DATA PROVIDED:

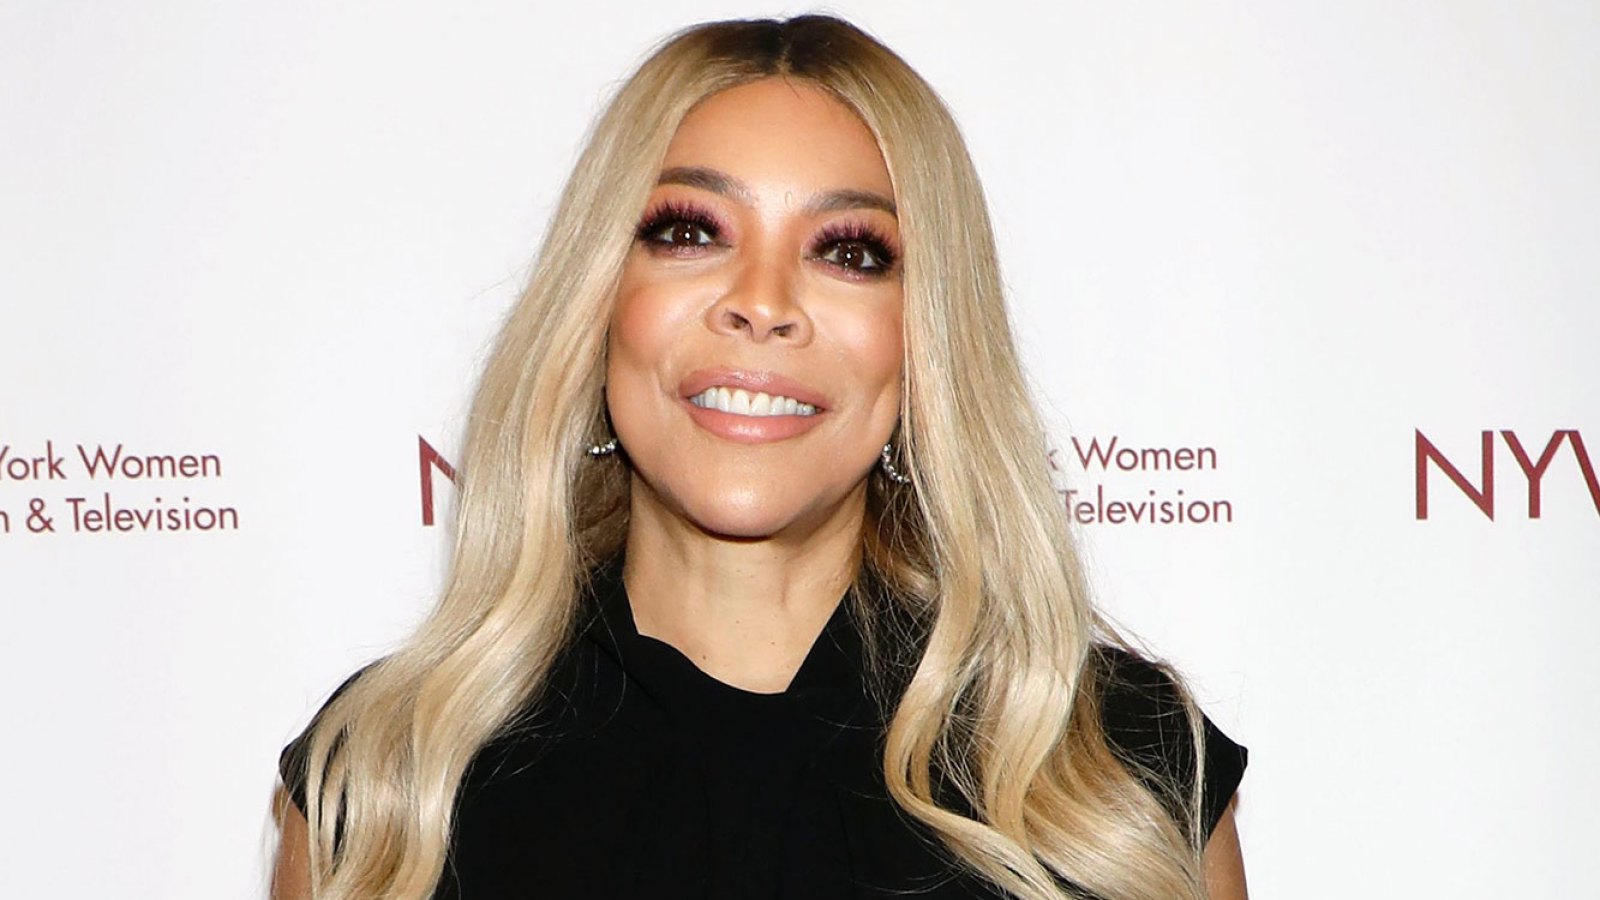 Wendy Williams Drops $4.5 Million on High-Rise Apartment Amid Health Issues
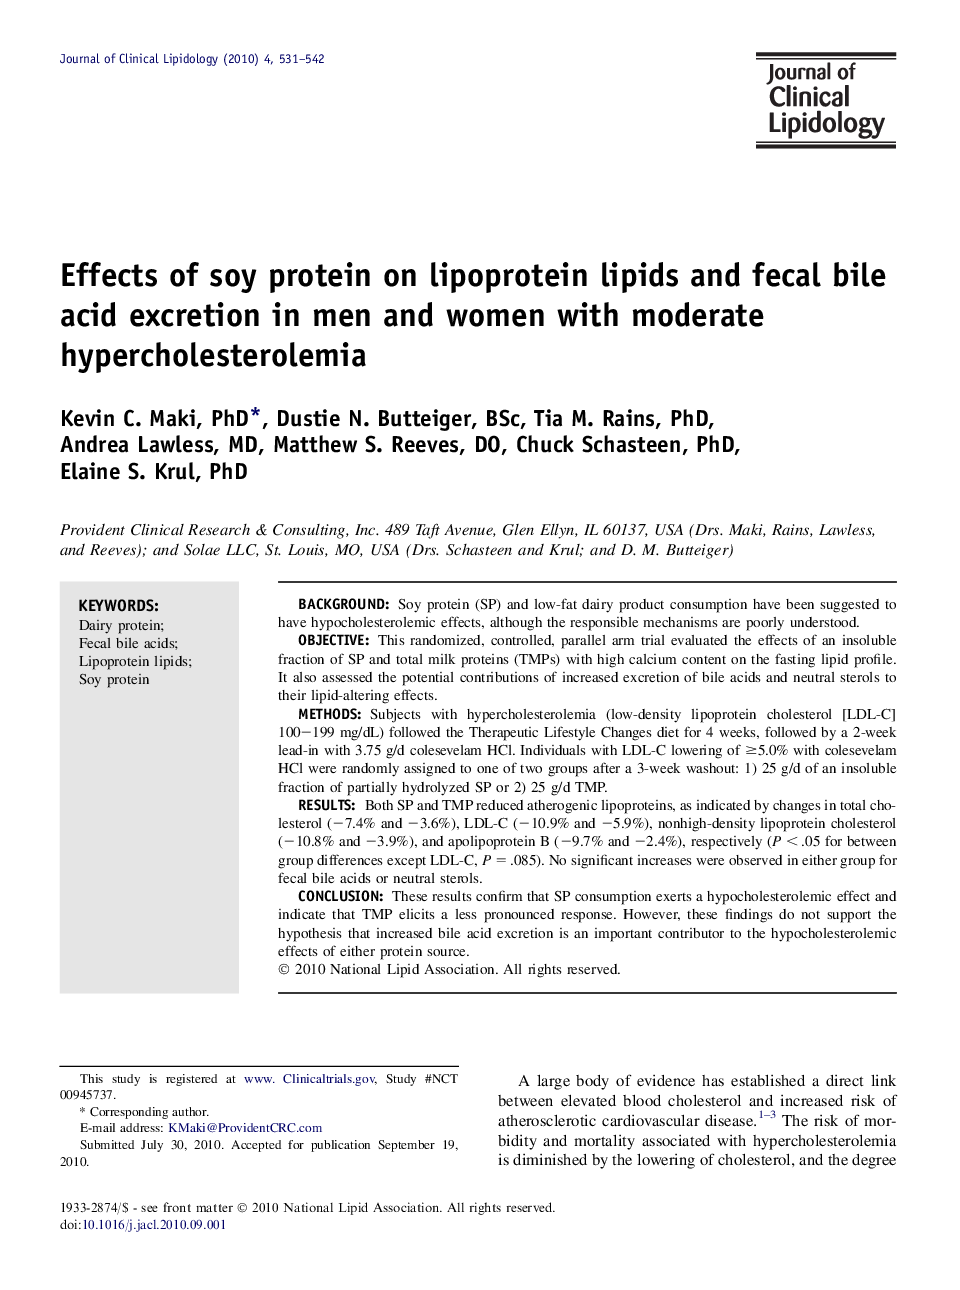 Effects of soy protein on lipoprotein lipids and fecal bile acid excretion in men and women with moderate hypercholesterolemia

* * *

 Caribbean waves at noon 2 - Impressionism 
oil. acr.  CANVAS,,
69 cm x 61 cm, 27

PROBLEM: Though the entries above contain pictures, none should be copied; reproduce only the lines between the one holding "Wendy Williams Drops" and the one holding "Effects of soy", inclusive, exactly as written.

TASK ANSWER:
 Wendy Williams Drops $4.5 Million on High-Rise Apartment Amid Health Issues
 Effects of soy protein on lipoprotein lipids and fecal bile acid excretion in men and women with moderate hypercholesterolemia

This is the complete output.